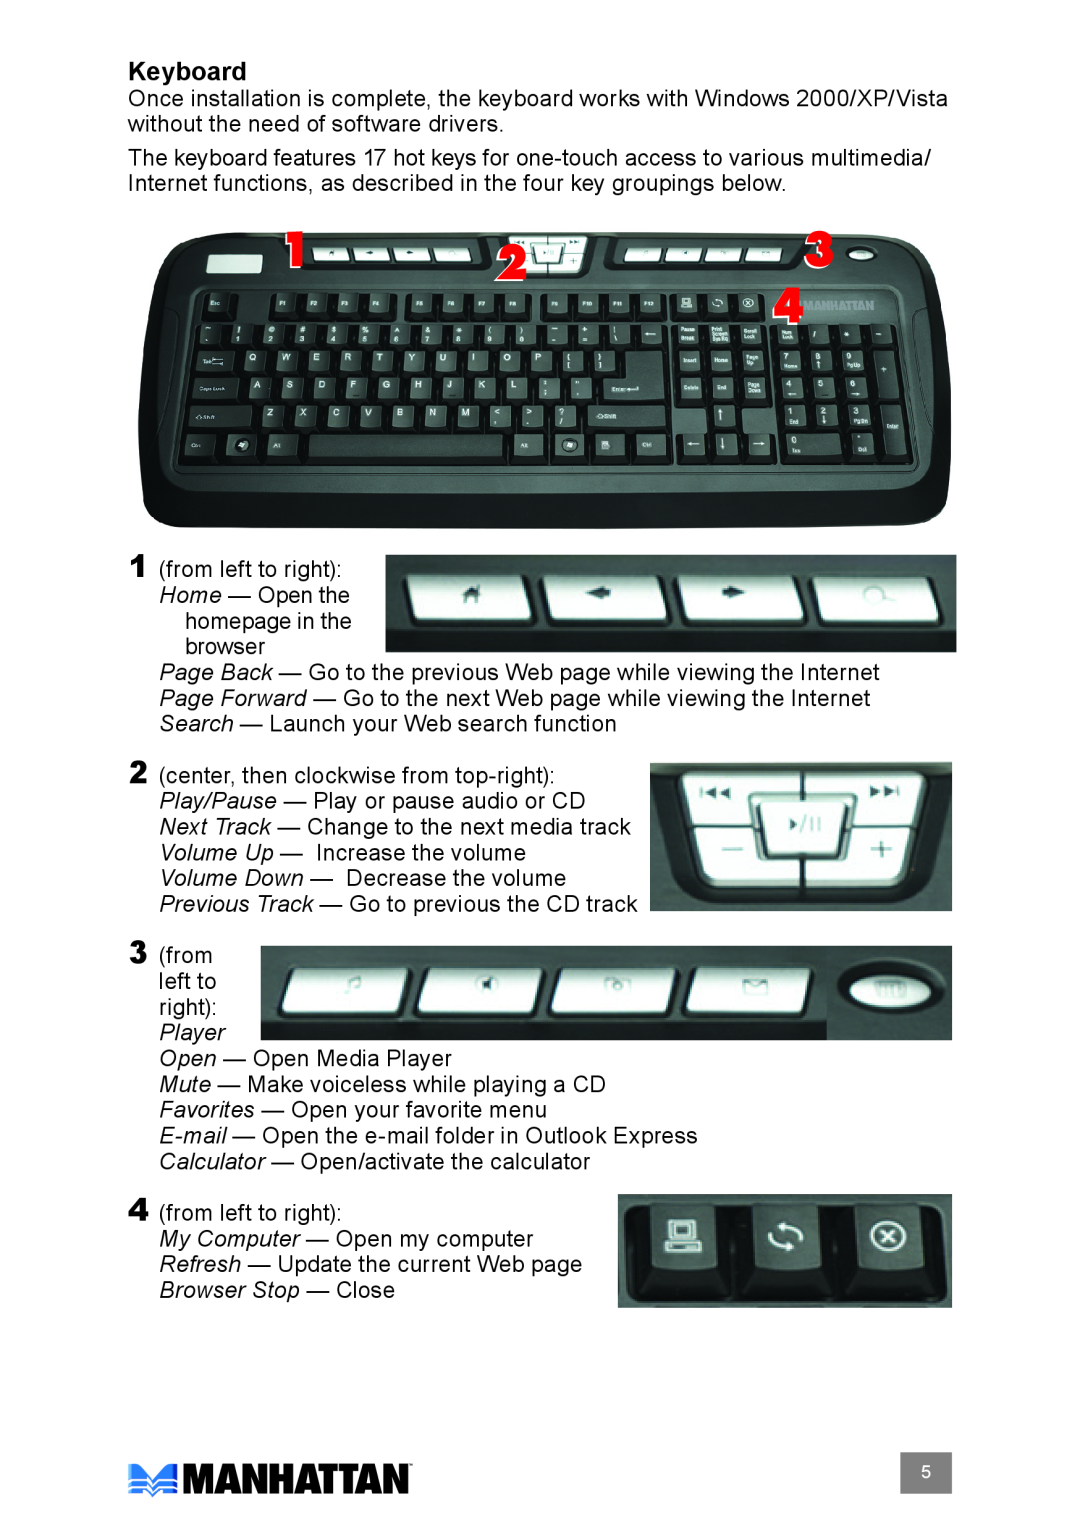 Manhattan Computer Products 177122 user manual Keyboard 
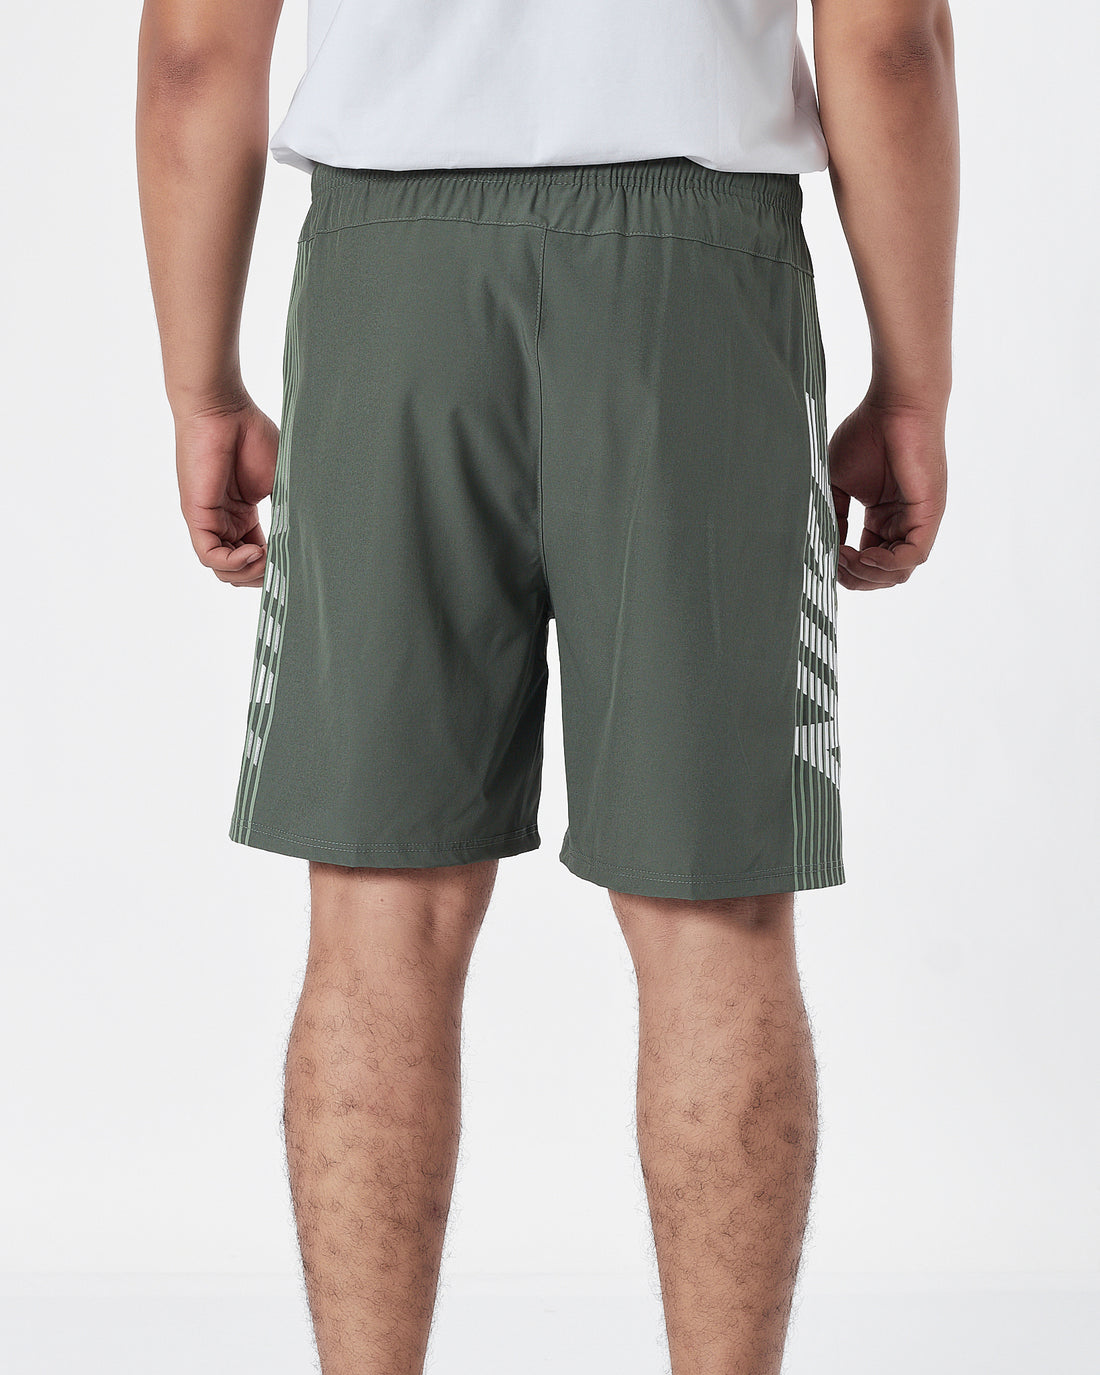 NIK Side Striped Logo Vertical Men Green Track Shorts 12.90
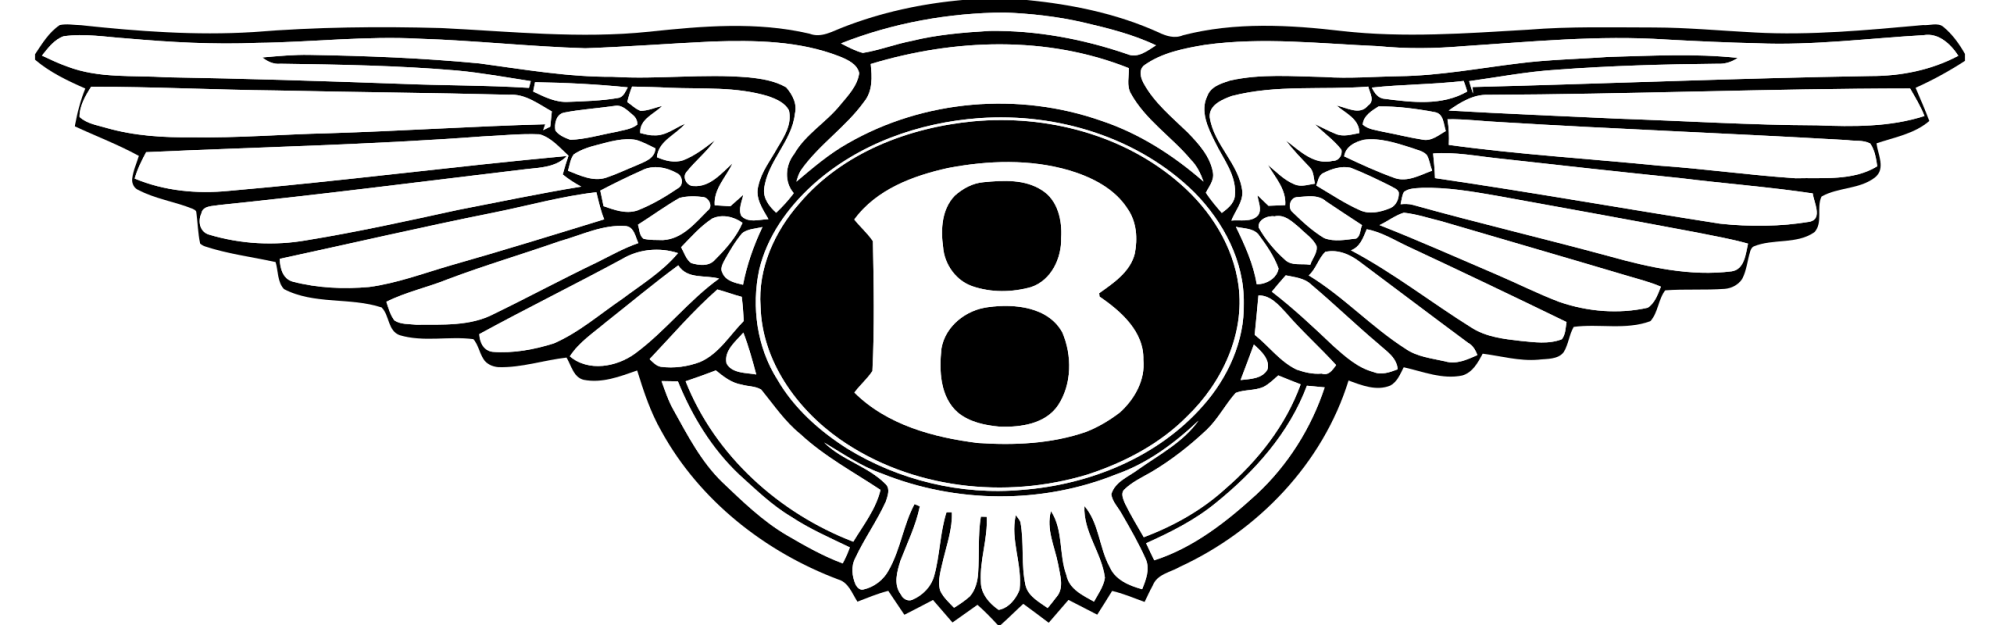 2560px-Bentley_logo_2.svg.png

○ ○ ○

EXERCISE OBJECTIVE:
A faithful, word-for-word copy of the data is needed; the pictures should not appear in it.

SOLUTION:
 Manhattan Computer Products 177122 user manual Keyboard 
 NIK Side Striped Logo Vertical Men Green Track Shorts 12.90
 2560px-Bentley_logo_2.svg.png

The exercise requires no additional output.